If you’re like many people today, you regularly listen to a podcast series or an audiobook.

Let me ask you, after you’ve finished listening to the story, how much of it do you remember?

If you recall the last chapters but struggle to remember the first ones, watch out! According to a ground-breaking new study, this kind of memory lapse could be an early indicator of future dementia.

Scientists Discover How Delayed Recall Influences Memory

Back in the 1960s researchers discovered that when a list of words is read to cognitively healthy adults, these folks can better recall words at the beginning and end of the list than words in the middle of the list.

On the other hand, Alzheimer’s patients show a greater tendency to forget words read early in the list. What’s more, the same holds true for people diagnosed with Mild Cognitive Impairment (MCI), a condition that often precedes Alzheimer’s. The only difference is that Alzheimer’s patients forget a greater number of words than people suffering with MCI.

Therefore, how well people remember the first words read to them from a list is seen as a useful early predictor of future cognitive decline. This becomes even more accurate when subjects have to wait 15 to 20 minutes before being asked to repeat the list.

Today, tests like these are often used by doctors during routine physical exams to assess memory health, and chances are, you’ve taken one yourself.
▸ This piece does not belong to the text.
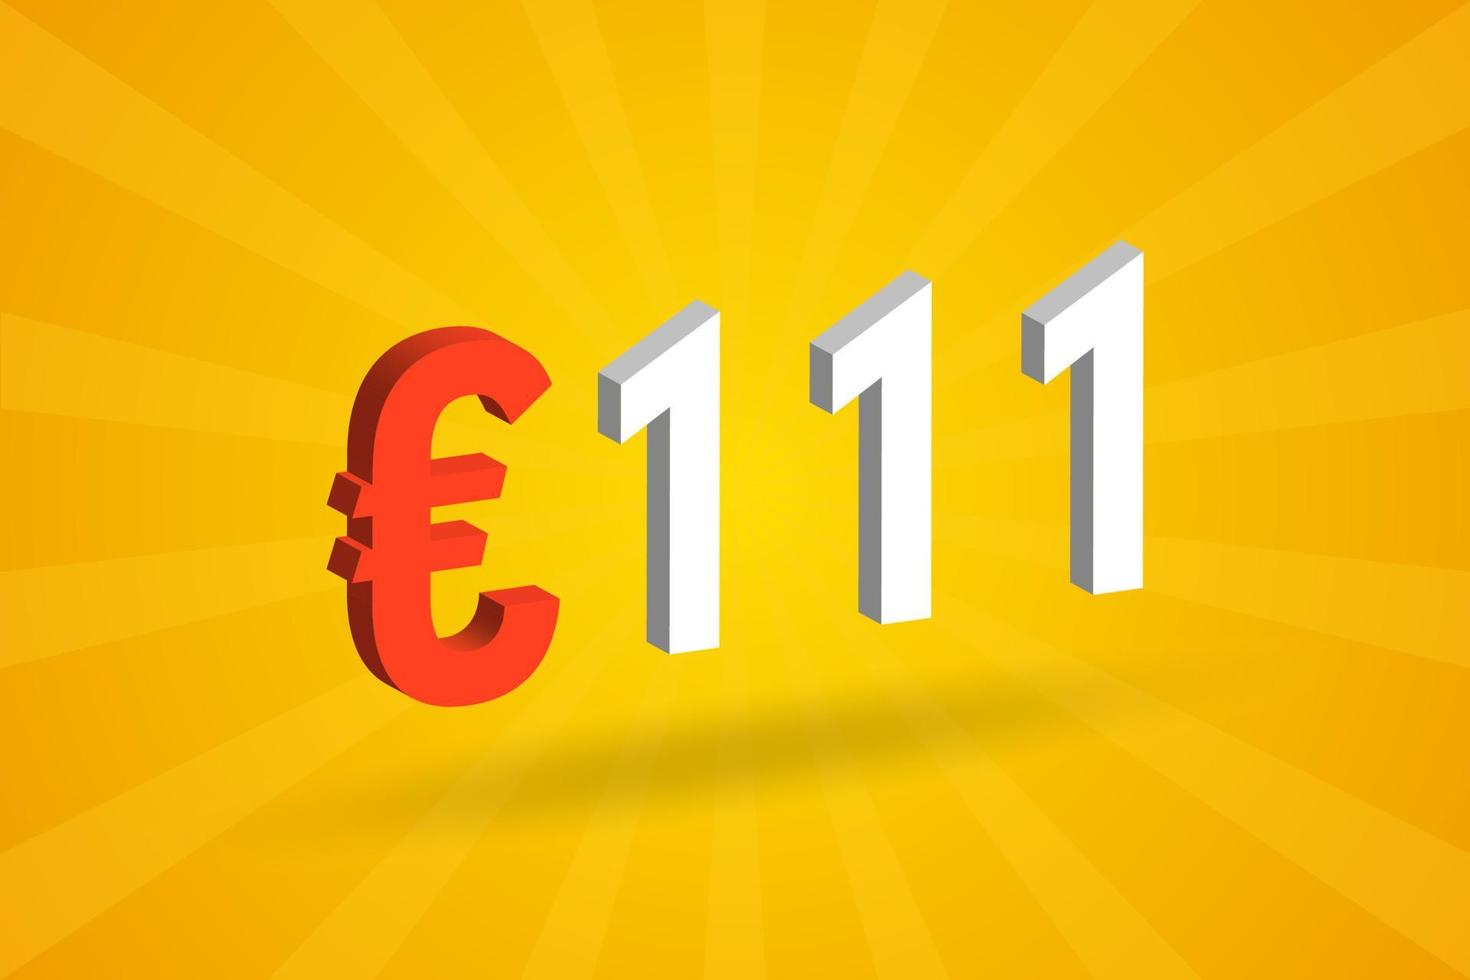 111 Euro Currency 3D vector text symbol. 3D 111 Euro European Union Money stock vector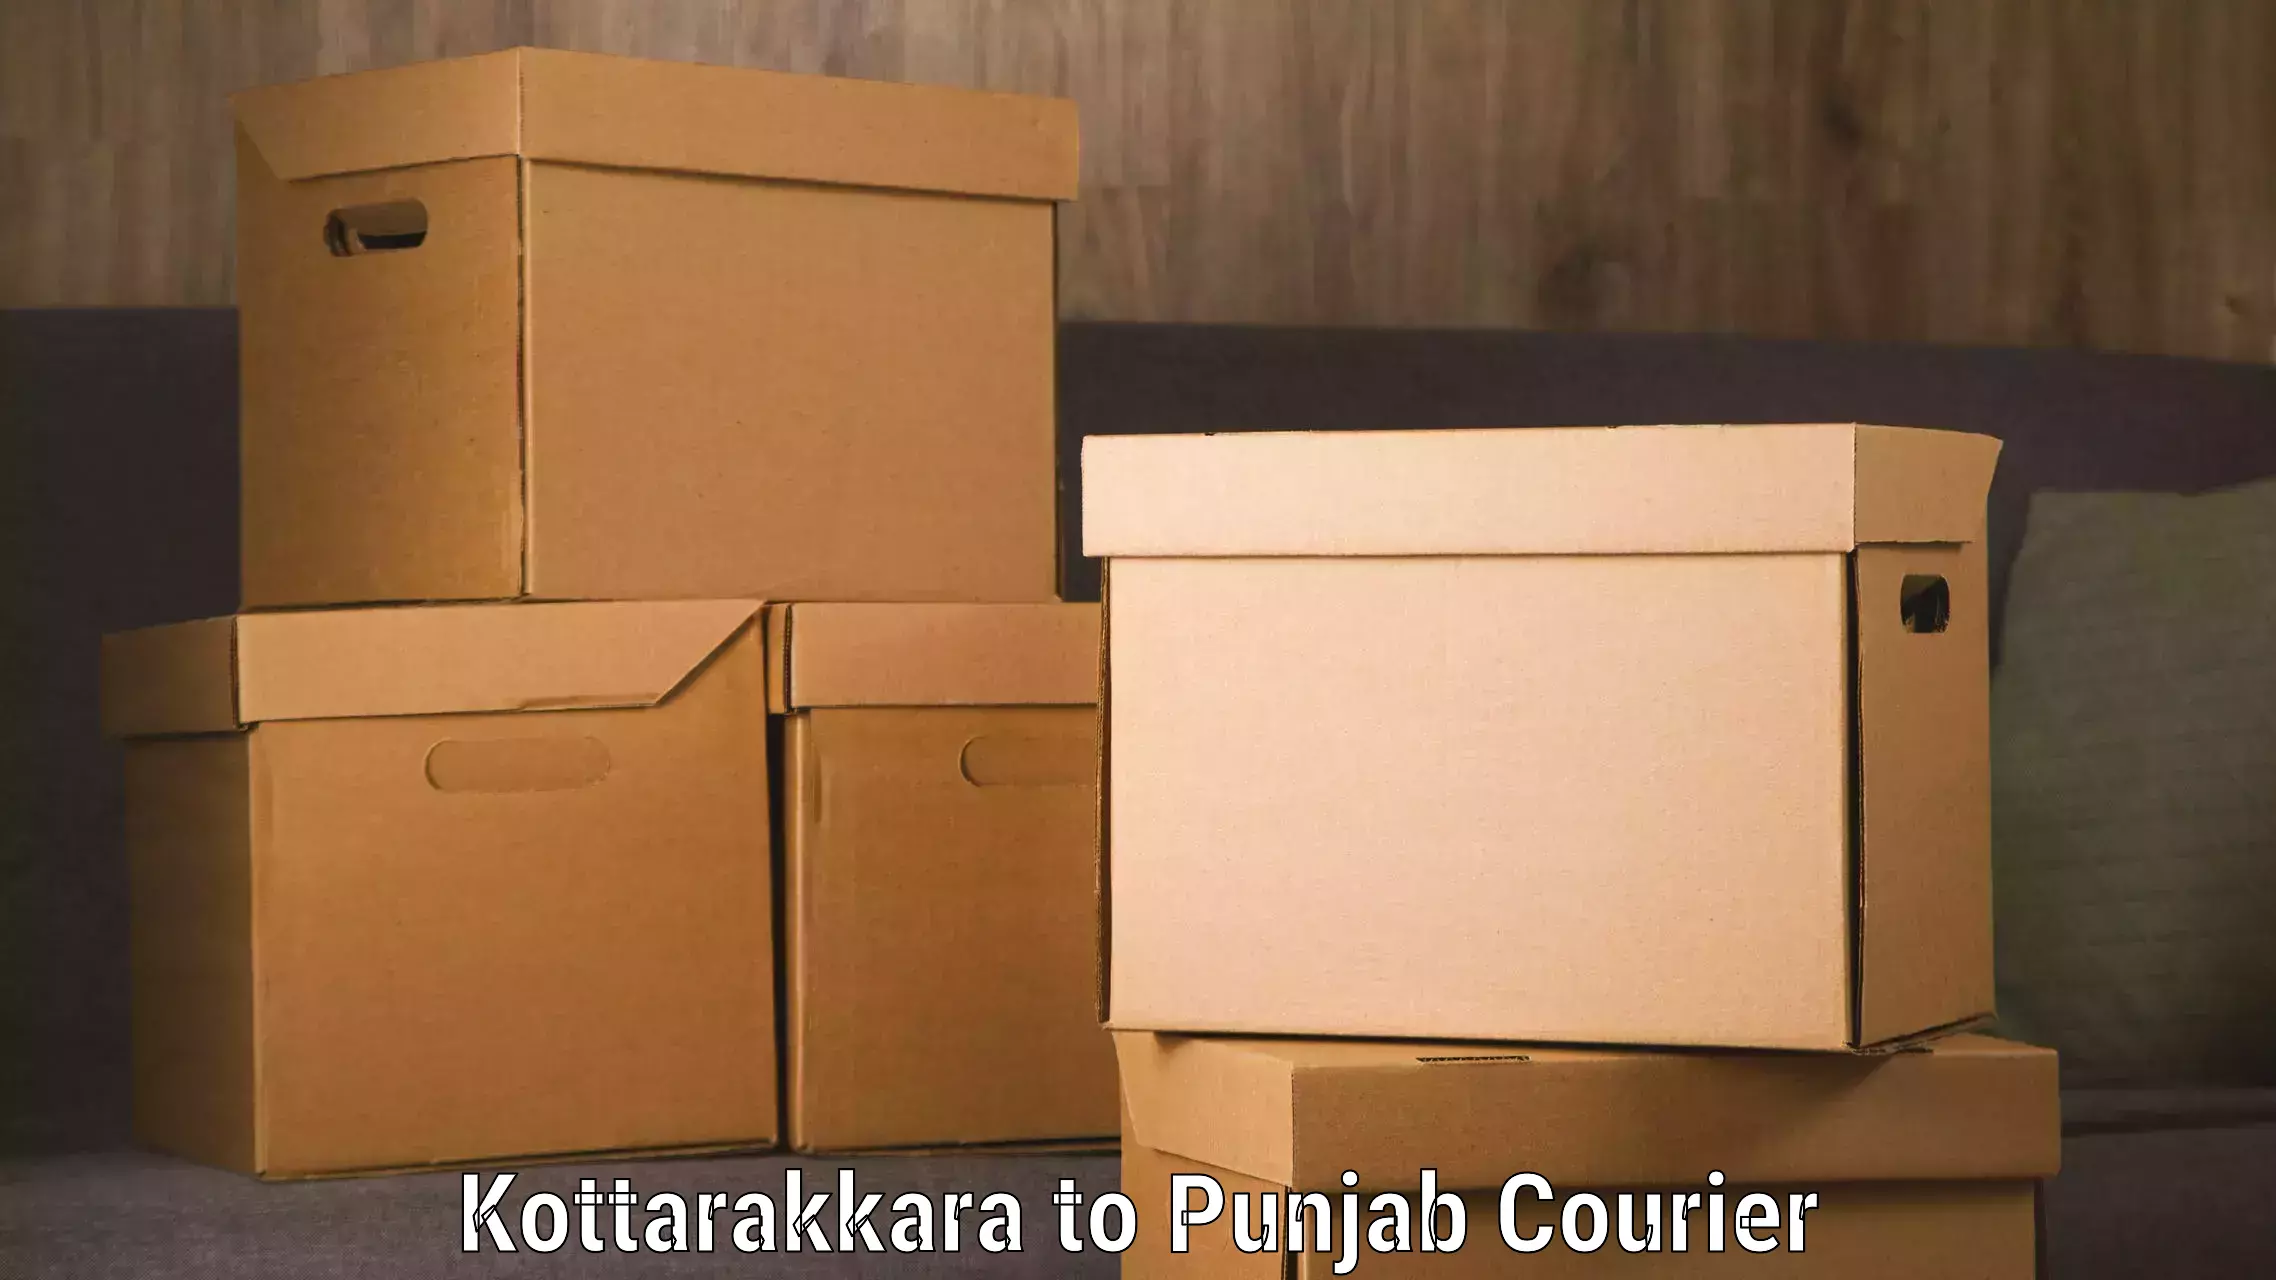 Easy return solutions Kottarakkara to Punjab

I took a delayed recall test some years ago to qualify for an insurance policy.

The reason they’re so effective is that research suggests Alzheimer’s pathology originates in the hippocampus, and it’s this area of the brain that turns short-term memories into long term ones.

Delayed Recall in Forming Other Kinds of Memories

Memory researchers wanted to take the investigation into delayed recall one step further to see if the same challenges faced by some folks in recounting words from a list would hold true when they were asked to listen to and recount a story.

“Not all memory is the same,” explained psychologist Davide Bruno.

“Remembering a story may be easier than remembering items on a list because a story benefits from a coherent structure. And so we were not sure whether the order in which information was learned would still have an effect in memory when recalling a story.”

Dr. Bruno and his team designed a two-part study to examine memory performance in a sample of 653 people who listened to a short story. The researchers wanted to see whether it was easier to remember the first part of a short story than the middle part. They found that for cognitively healthy people, as with lists, that it was.

The results of the second part of the study were far more surprising.

Greater Amyloid in Those Who Forget the Start of a Story

For this phase of the study, researchers took a sub-sample of 223 people for whom they had long-term data and who were cognitively healthy when enrolled.

They wanted to find out, by observing brain scans, how many of the volunteers had amyloid beta plaques and whether this was linked to how well they remembered the start of two stories, when comparing immediate and delayed recall.

After controlling for known risk factors for Alzheimer’s and genetic variants that increase the risk of the disease, they found the level of forgetfulness between immediate and delayed recall in the first third of the story was linked to higher levels of amyloid plaque in the brain. Their research was the first ever to demonstrate this in people.

“Presence of amyloid plaques in the brain is hypothesized to kick-start neurodegeneration in Alzheimer’s disease,” explained Dr. Bruno.

“While we are not sure exactly why, forgetting what we learn at the beginning tells us that Alzheimer’s pathology may be settling in. We think it may be related to preserving information about the order of events — a fundamental feature of memory — the loss of which is somewhat akin to a canary in a coal mine, so to speak.”

Dr. Bruno believes their findings are important and should be applied in routine dementia screening because an easy, inexpensive and accurate method of identifying dementia at an early stage, before symptoms show up, is urgently needed.

Longtime readers know there are serious doubts about the importance of amyloid plaques in the development of Alzheimer’s. Even so, there is a correlation between plaques and cognitive loss – the plaques aren’t a sign of health, that’s for sure! – so this delayed recall study does have value in pointing us toward a tool for early diagnosis.